I am trying to understand the definition of conditional expectation with respect to a sub-$\sigma$-algebra. I think the top answer for this question: Why this weird definition of conditional expectation? is similar to what I'm after but it didn't quite make sense to me. The example given in my lecture notes is as follows.
Let $(\Omega,\mathcal A, \mathbb P)$ be a probability space. $X$ is a random variable and $A\in \mathcal A$. Suppose $\mathcal F = \sigma$ ({A}) = {$\emptyset,A,A^{c},\Omega$}, a certain sub-$\sigma$-algebra of $\mathcal A$. We define the conditional expectation given $\mathcal F$ as the random variable on $\Omega$ given by
$\mathbb E[X|\mathcal F]:\Omega\rightarrow\mathbb R$, where $\mathbb E[X|\mathcal F](\omega)=$
\begin{cases} \mathbb E[X|A] & \forall\omega\in A \\ \mathbb E[X|A^{c}] & \forall\omega\in A^{c} \ \ \end{cases}
I would like to know what this function is telling us.

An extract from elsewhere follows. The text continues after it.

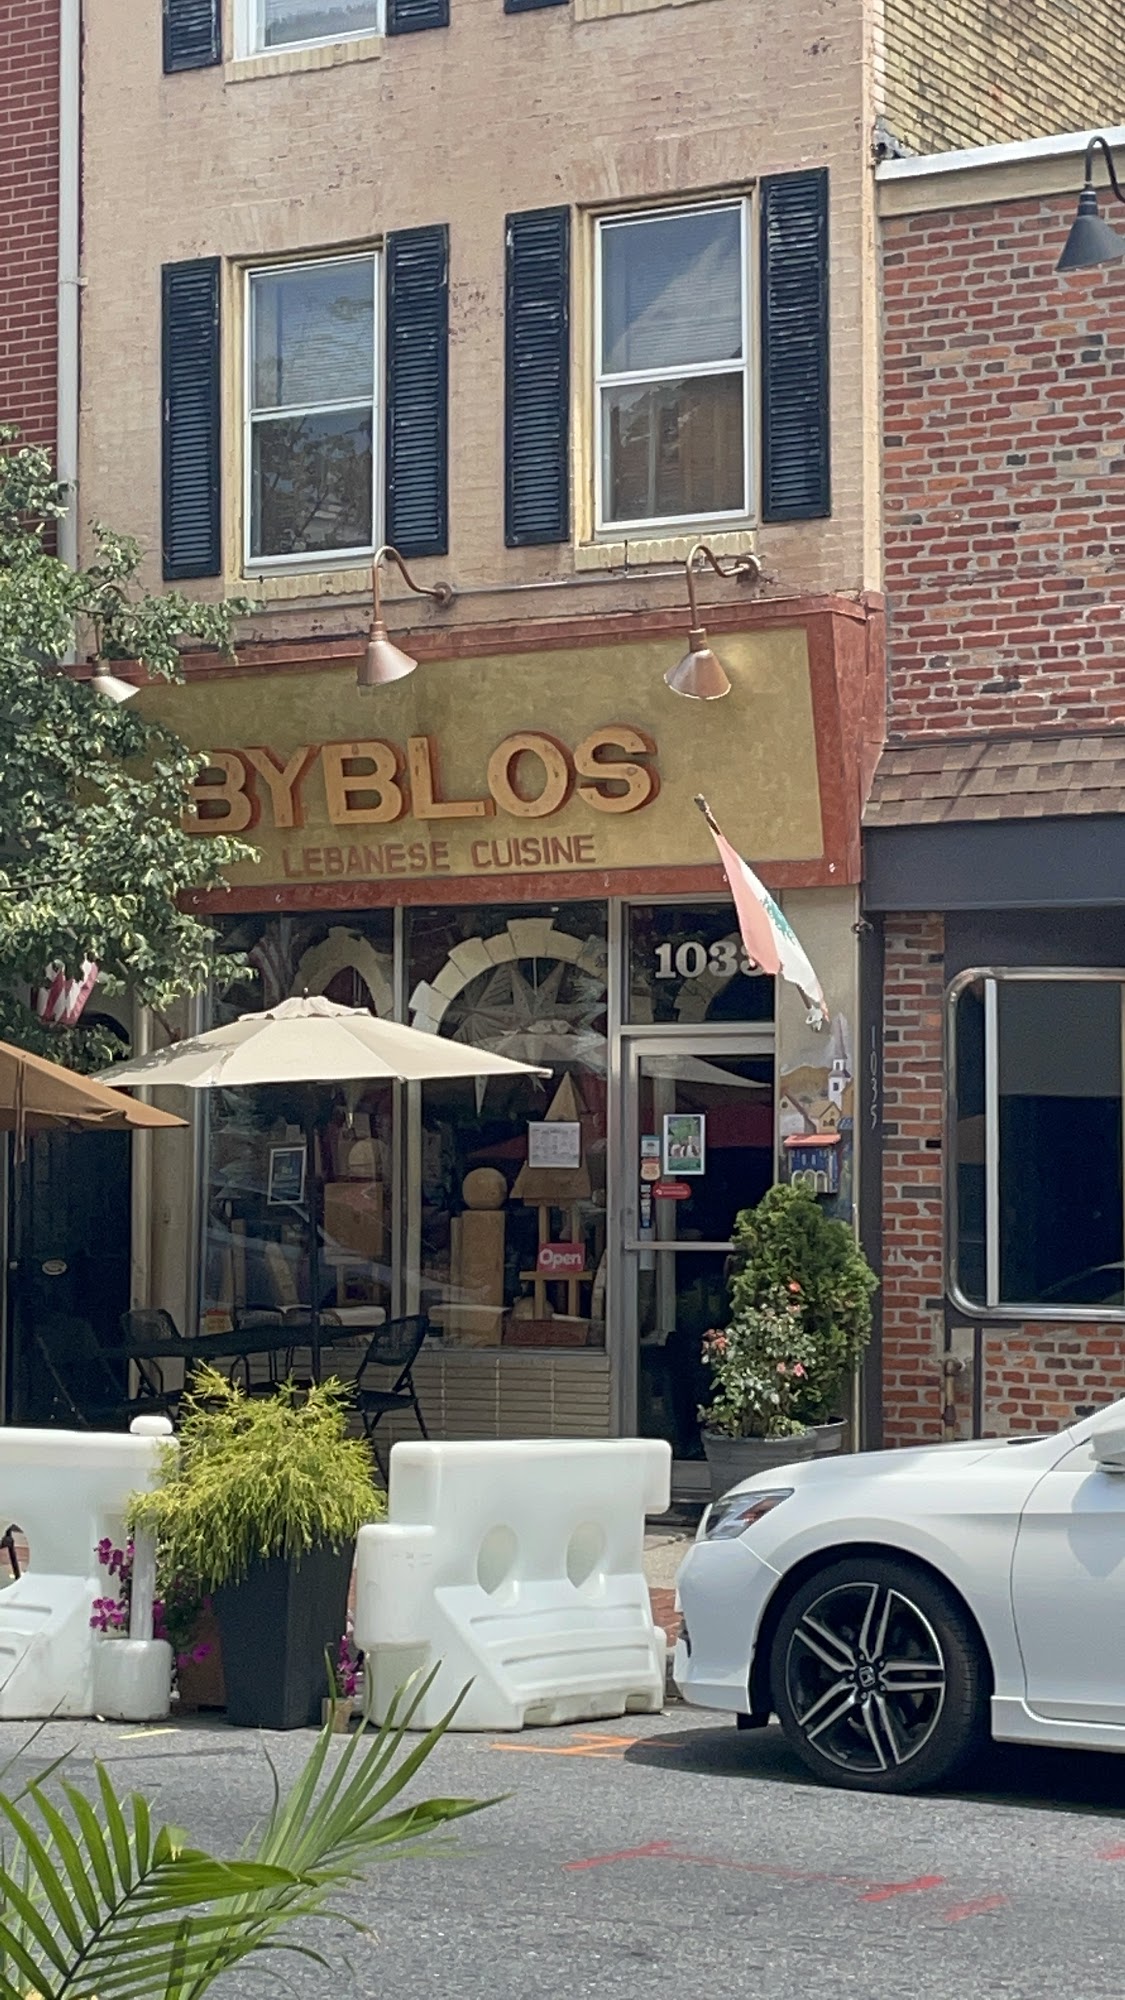 Byblos Lebanese Cuisine

Why is it useful to have a function that, when given an outcome, tells us the expectation of the random variable given a larger set? If we have the outcome, isn't the expected value of the random variable just $X(\omega)$? Would it not make more sense for this function to have the domain $\mathcal A$?
EDIT: Is the idea that we don't know the exact $\omega\in\Omega$, only that $\omega\in A$ or $\omega\in A^{c}$? Since if we knew the exact $\omega$ we would know $X(\omega)$, therefore not need to estimate $X$?